With an almost Pinhead-less sequel, I momentarily thought I had fallen asleep and was dreaming the most boring dream ever dreamed.  Alas, I was not, and this movie is as bad as it sounds.

Highlight: suddenly Pinhead does not actually arrive when you open the box.  Who knew?  Not I.

Rating: 0 out of 10 scary, Spencer’s gift-y puzzle boxes.

Hellraiser: Hellseeker (2002)

While this movie was largely a senseless series of dream sequences that made me want to light a kitten’s face on fire, it did bring back the lovely Ashley Laurence (looking pretty hot, I might add) as a wronged (and possibly dead?) wife.  Dean Winters also appeared as the maybe insane, maybe evil, maybe not husband.

As a result of the inspired casting, the film is almost pulled out of the crap heap.  But that senseless plot just made me want to light my own face on fire.

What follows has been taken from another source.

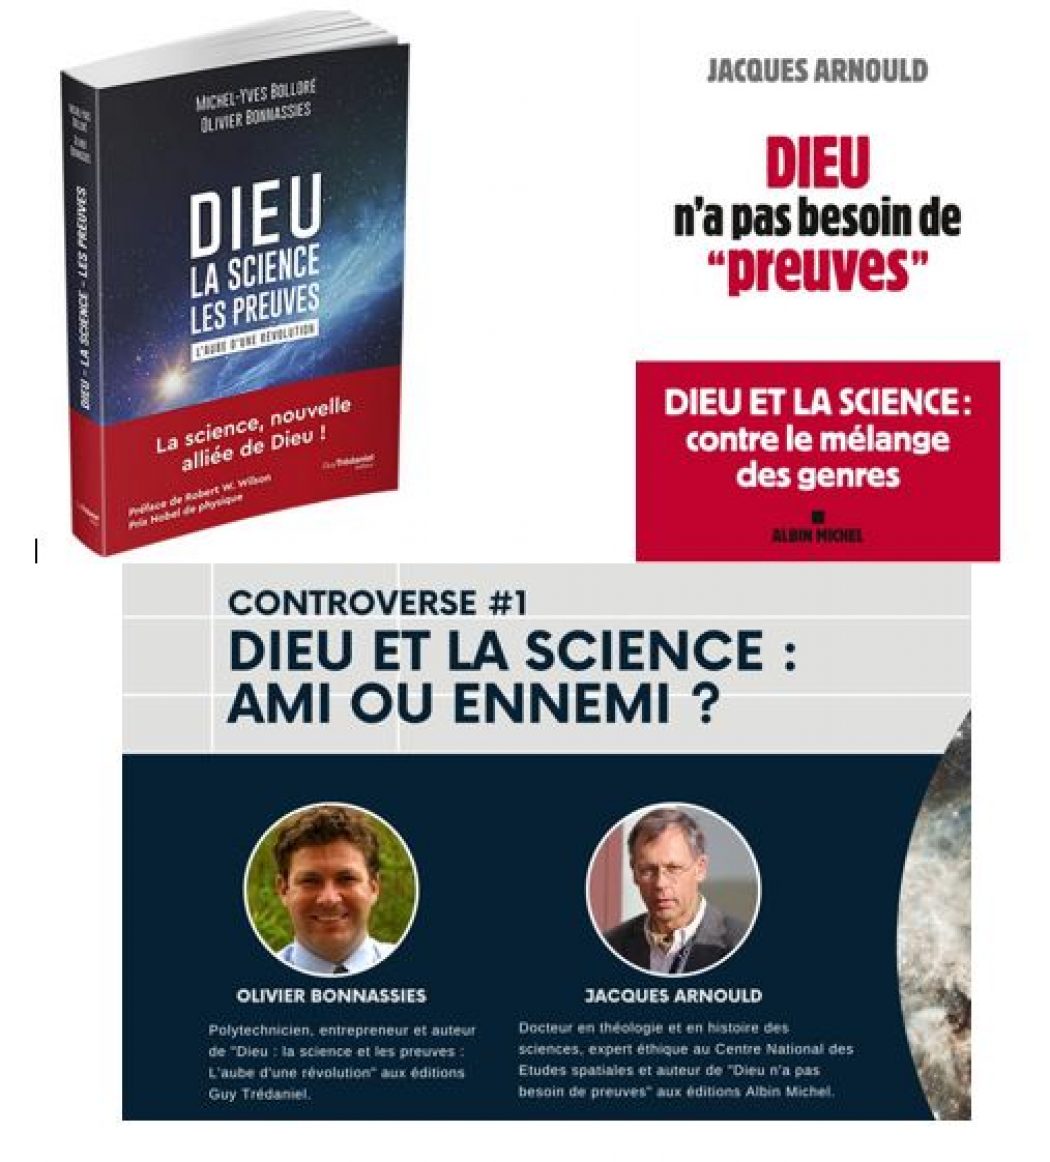 Conférence-débat à Versailles le 24 mai avec Olivier Bonnassies et Jacques Arnould : poursuivons la réflexion sur la foi et la science !

Rating: 4 out of 10 scary, Spencer’s gift-y puzzle boxes.

Hellraiser: Deader (2005)

Here is a movie that was clearly never intended to be a Hellraiser film.  And had the original makers left Pinhead and his cronies out, it might have been an interesting little movie.

They didn’t, however, leave the movie slim and simple.  They overcomplicated it with a bunch of bullshit, and then they added boobs, and then they added Pinhead.

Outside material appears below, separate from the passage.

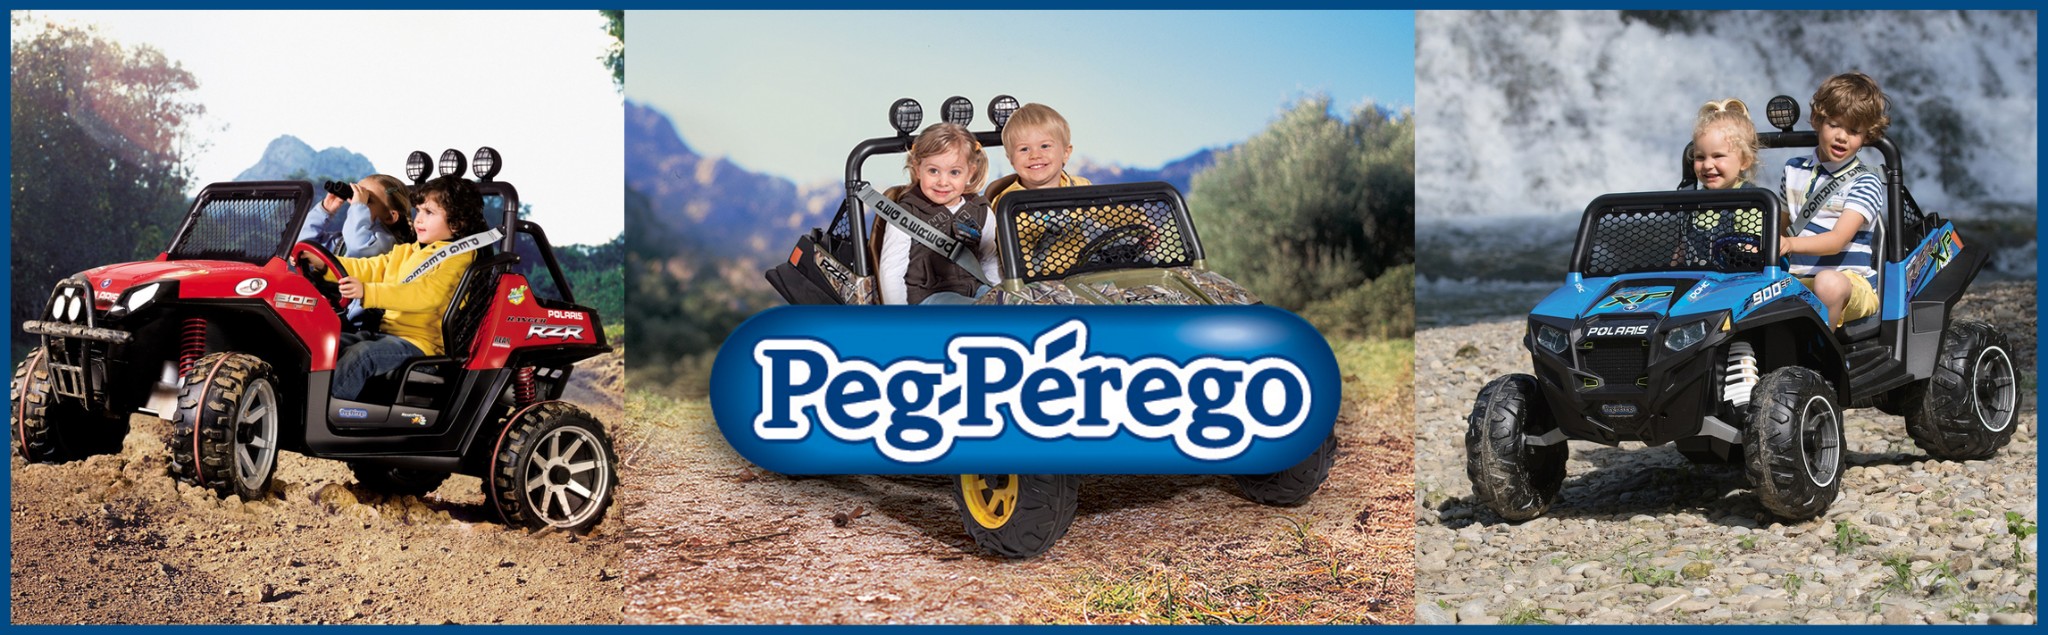 פג-פיריגו איטליה - Peg-Perego - סינדיה

Even Kari Wuhrer could not save this.

Rating: 2 out of 10 scary, Spencer’s gift-y puzzle boxes.

Hellraiser: Hellworld (2005)

The final film in the series is actually a slasher film.  Lance Henriksen stars as the father of a son who died playing the Hellworld game online.  (Yes, you read that right.  This is that inevitable sequel that takes shit to the internet.  Blech.)  He gets his revenge on the kids he blames, but the joke’s on him because the Cenobites are real.

As a slasher film, this was fairly run-of-the-mill.  It fits the revenge murder plot formula perfectly.  But it was… shall we say (again) rather boring.

As a Hellraiser film, this, too, felt like Pinhead was an afterthought.  And by this time, Pinhead has definitely lost his purpose.  He’s no longer a demon and more a minion.  And that, my friends, is a bummer.

Rating: 1 out of 10 scary, Spencer’s gift-y puzzle boxes.

Final Ranking!
1.  Hellraiser
2.  Hellraiser: Bloodline
3.  Hellraiser: Hellbound
4.  Hellraiser: Hellseeker
5.  Hellraiser: Hell on Earth
6.  Hellraiser: Deader
7.  Hellraiser: Hellworld
8.  Hellraiser: Inferno

Thursday Guilty Pleasure: Week Five

•December 9, 2010 • Leave a Comment

We’ve reached the end of the road, kiddies.  After months of laboring over our own shameful secrets, B-Sol of The Vault of Horror and I are bringing you the final installment of the Thursday Guilty Pleasure.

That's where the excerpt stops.